Symptômes associés à la douleur au mollet

Repérer précisément vos symptômes aide à cibler la cause. Une douleur aux 2 mollets d’origine musculaire est souvent liée au mouvement et à la palpation, avec une raideur qui cède à mesure que vous “dégourdissez” la jambe. Une origine veineuse donne plus volontiers une sensation de lourdeur, d’œdème et de chaleur, plutôt en fin de journée, soulagée par l’élévation des jambes.

La présence d’un changement de couleur de la peau, d’un gonflement marqué d’un côté, ou d’une douleur qui ne varie pas avec le mouvement oriente davantage vers un trouble veineux. Un antécédent d’augmentation brusque de charge, un sprint récent ou des chaussures neuves trop rigides oriente vers le muscle ou le tendon.

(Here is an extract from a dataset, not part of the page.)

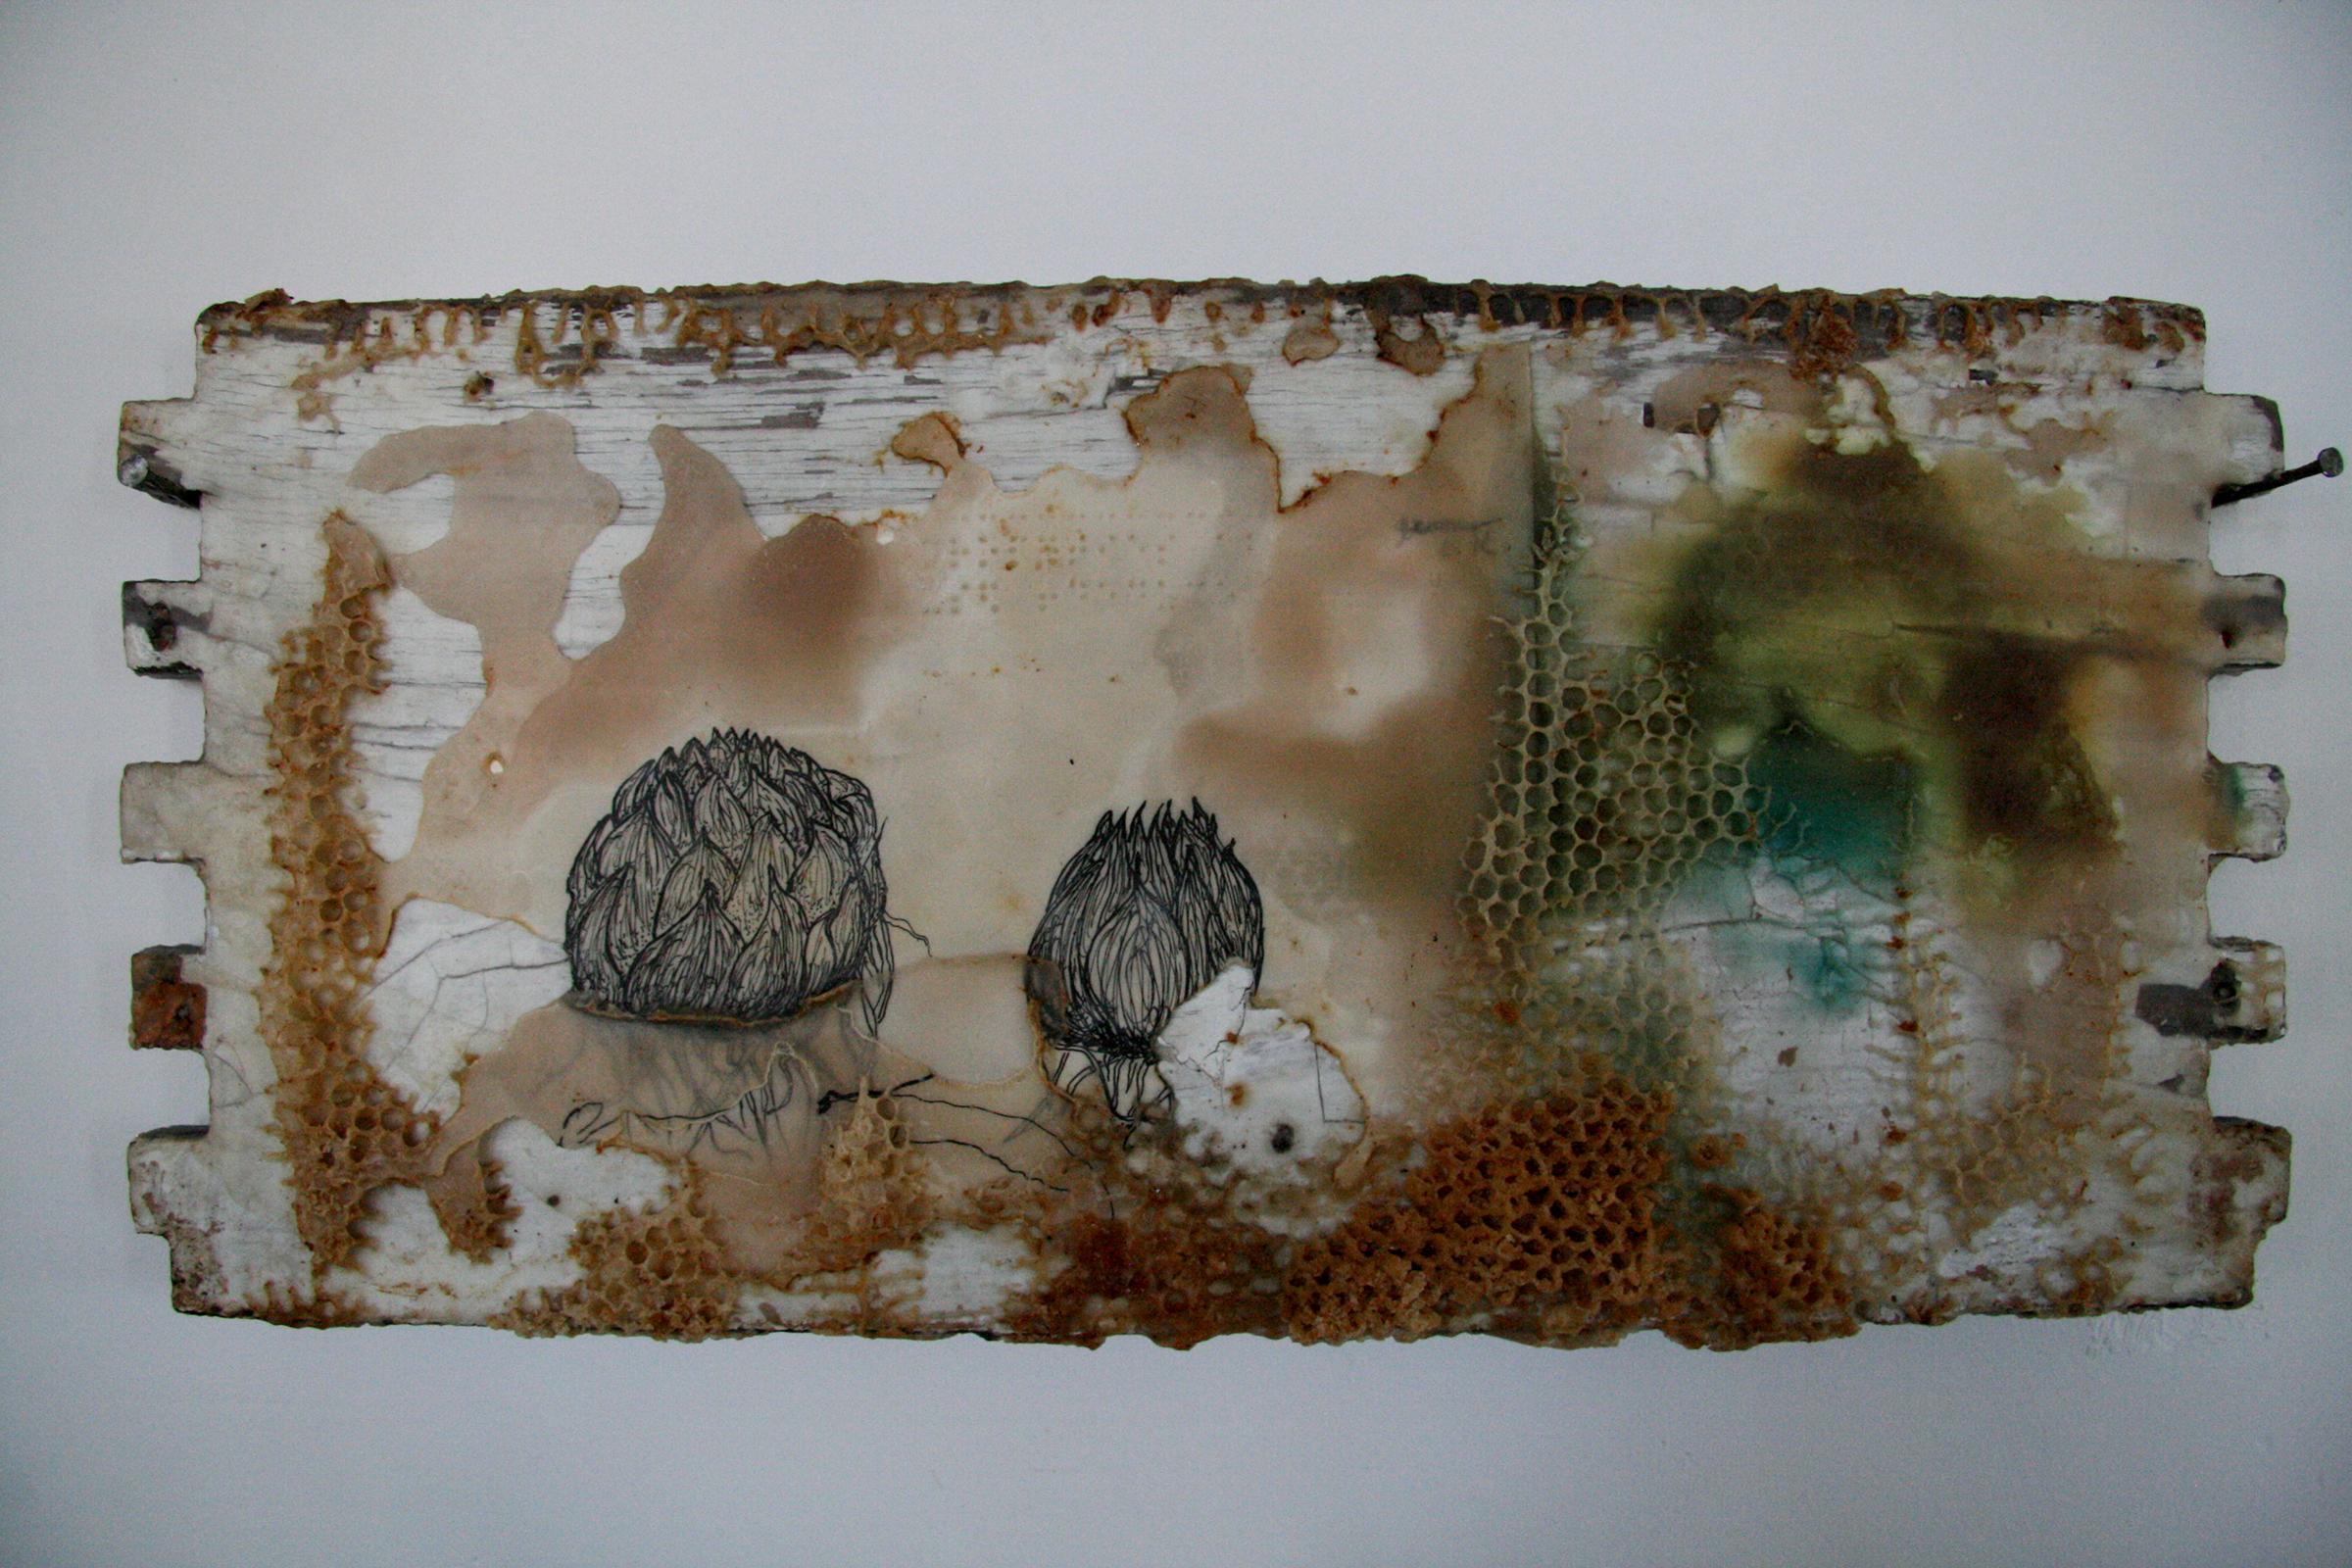 AD-017, Hive Wallpaper #3, $4,500

  • Profil musculaire: douleur mécanique, localisée, sensible au toucher, accentuée à la contraction contre résistance.
  • Profil tendineux: raideur matinale, douleur au démarrage, gêne sur les sauts et les côtes, éventuelles crépitations.
  • Profil veineux: lourdeur, œdème en fin de journée, dilatations veineuses visibles, amélioration à l’élévation.
  • Signes d’alerte: gonflement asymétrique, chaleur locale, rougeur, douleur au repos ou qui réveille la nuit.
  • Douleurs neuropathiques: sensation de brûlure/électricité, fourmillements, irradiation vers le pied, déclenchée en position assise prolongée.

Comment soulager la douleur au mollet

Comment soulager la douleur au mollet

Le soulagement efficace combine repos relatif, réduction de la charge, soins locaux et renforcement progressif. Pour une douleur aux 2 mollets d’allure musculaire, l’objectif est de calmer l’irritation, restaurer la souplesse puis reconstruire la capacité d’effort. En cas de doute veineux, on favorise le retour circulatoire en bougeant régulièrement et en évitant la station immobile prolongée.

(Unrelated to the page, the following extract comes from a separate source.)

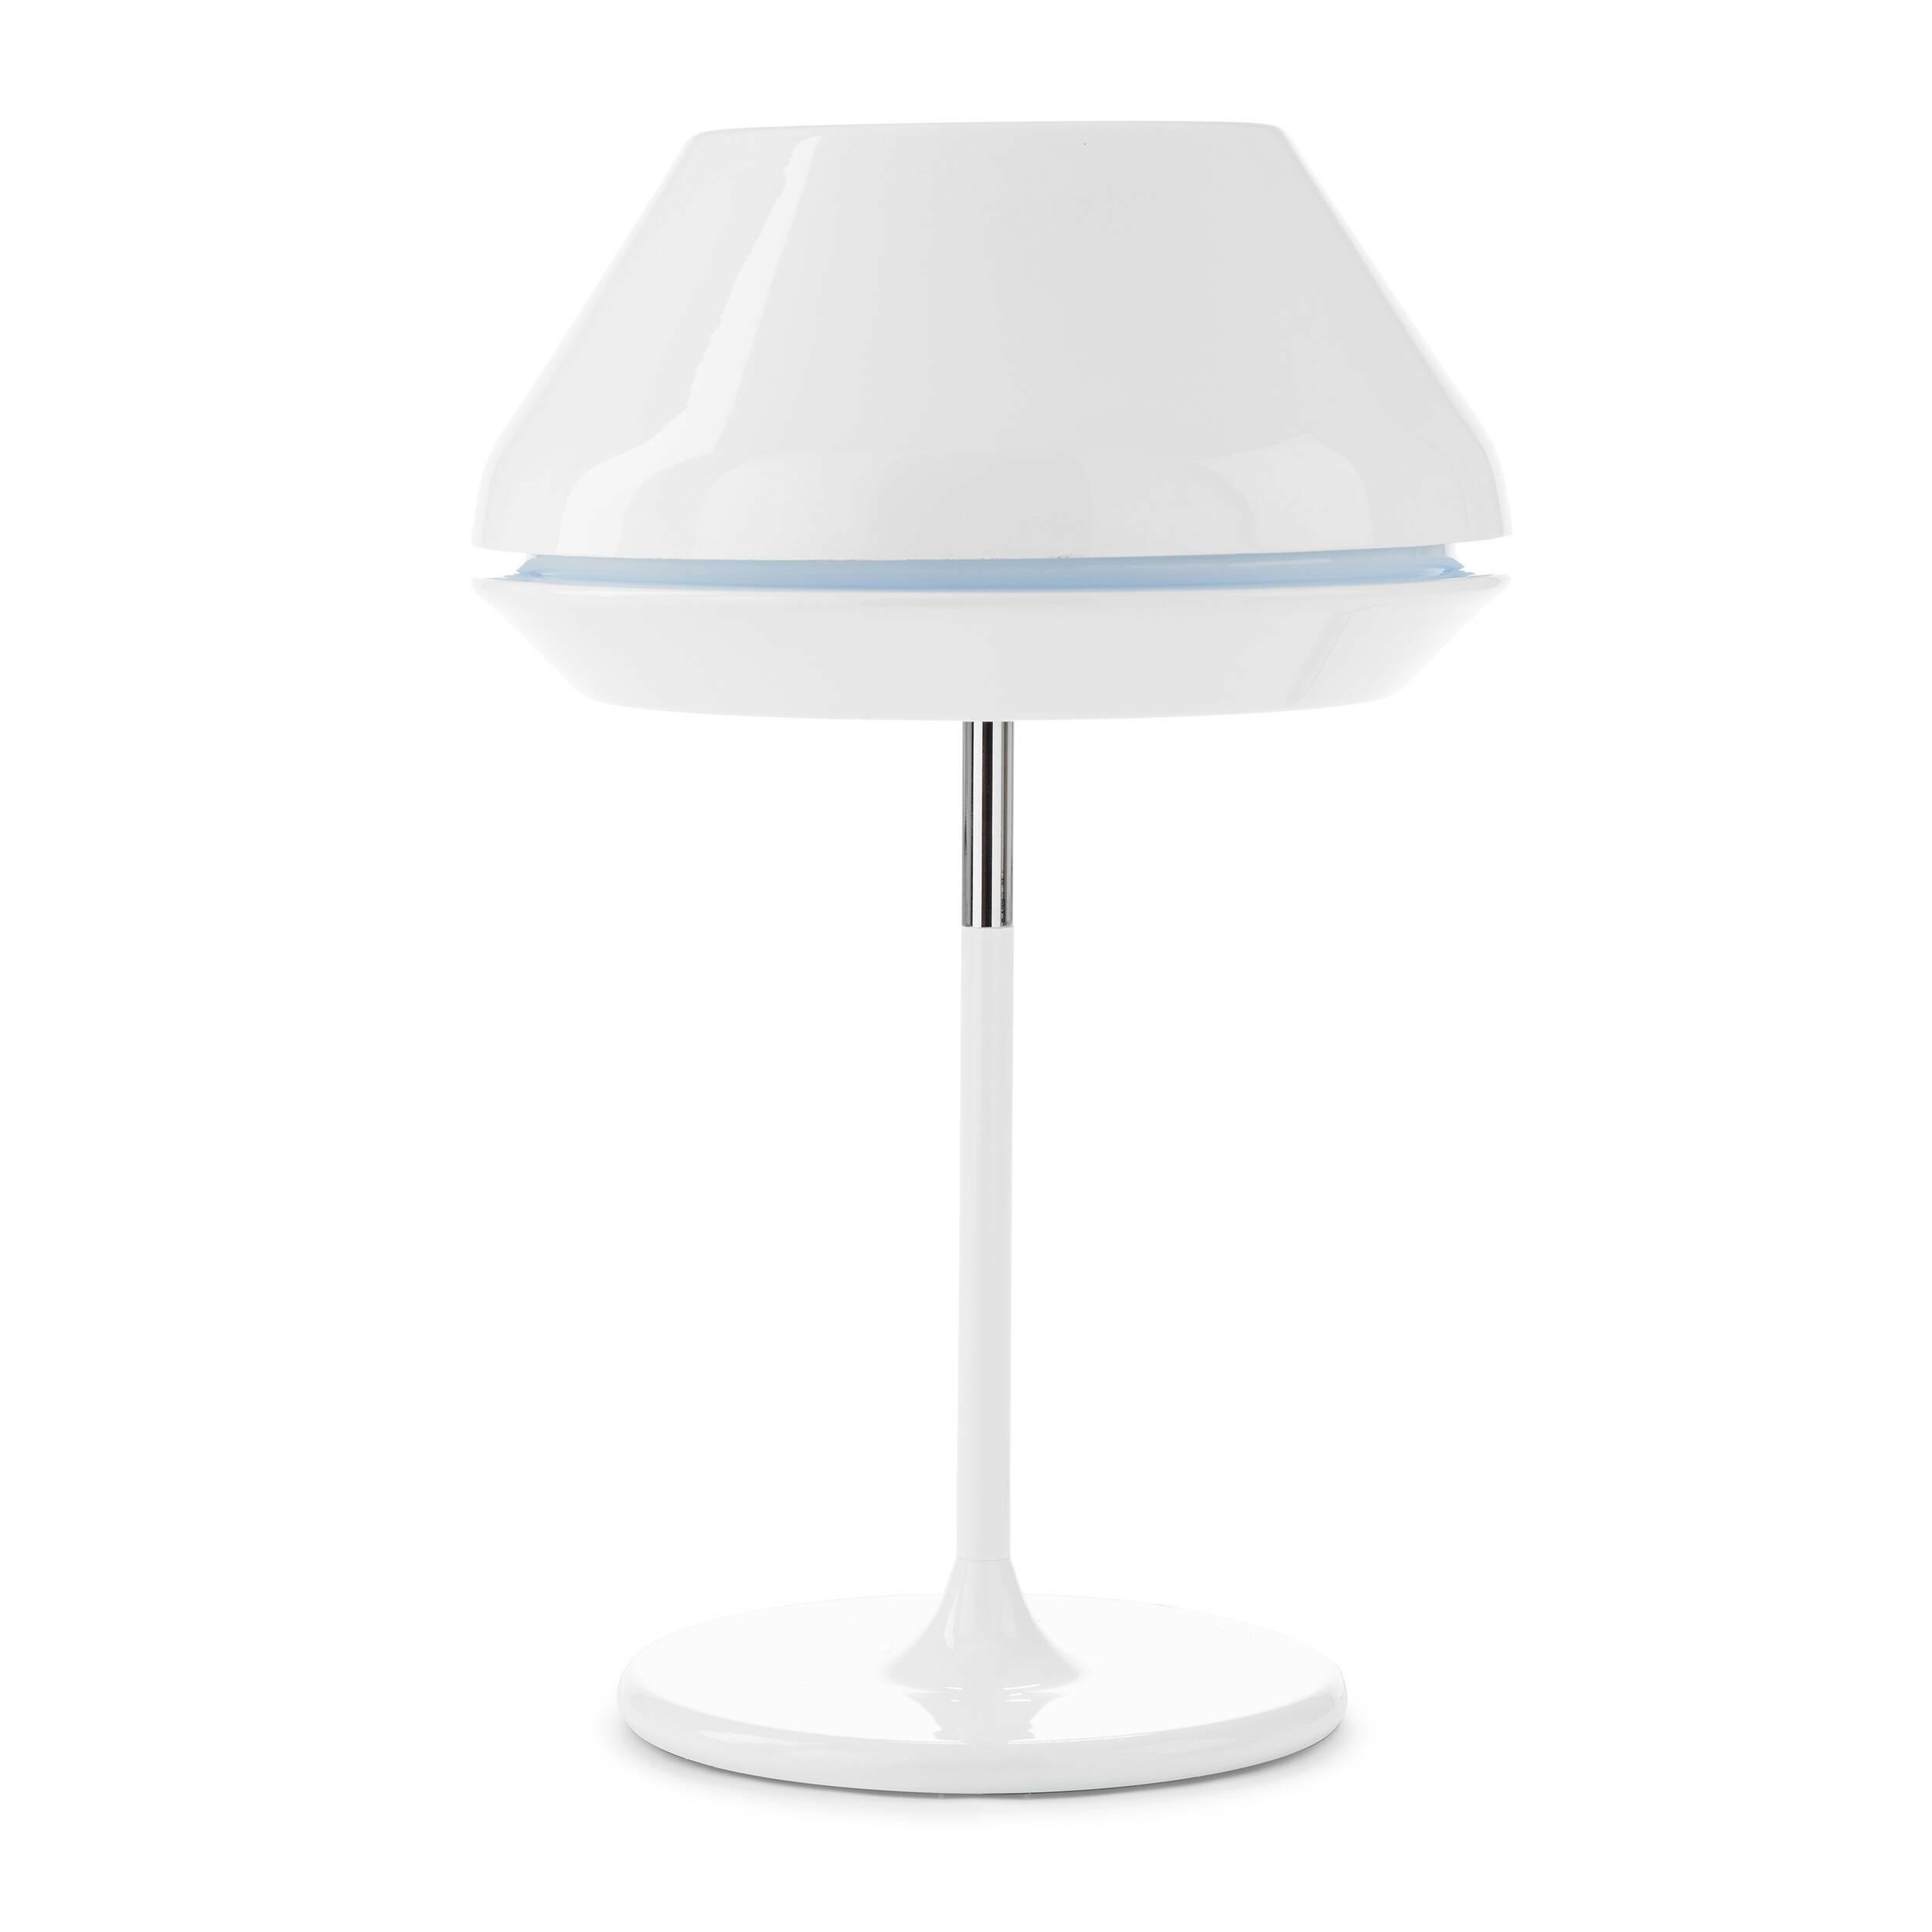 Настольная лампа Cosmo 15579108 от Cosmorelax

  • Appliquez la méthode GREC (Glace, Repos, Élévation, Compression) les 48 premières heures en cas de douleur aiguë.
  • Réduisez de 30 à 50 % la charge d’entraînement pendant 7 à 10 jours, puis progressez par paliers de 10 %.
  • Pratiquez un auto-massage quotidien doux du mollet 3 à 5 minutes, ou au rouleau de massage en évitant les zones très aiguës.
  • Utilisez des antalgiques simples si besoin, en respectant les contre-indications et la posologie recommandée.
  • Surélevez les jambes 10 à 15 minutes le soir et, si toléré, portez une compression légère de jour en cas de lourdeurs veineuses.

En complément, ajustez vos chaussures et votre technique de course: remplacez une paire usée, vérifiez le soutien et la souplesse de l’arrière-pied, évitez de passer brutalement d’un drop élevé à un drop faible. À l’entraînement, privilégiez des surfaces souples, allongez votre échauffement à 10-15 minutes et limitez les côtes et les sprints pendant la phase de récupération.

Exercices d’étirement

Un étirement trop fort peut irriter un tendon sensible. Cherchez une tension modérée, sans douleur, en respirant calmement. Deux étirements ciblent efficacement les gastrocnémiens et le soléaire.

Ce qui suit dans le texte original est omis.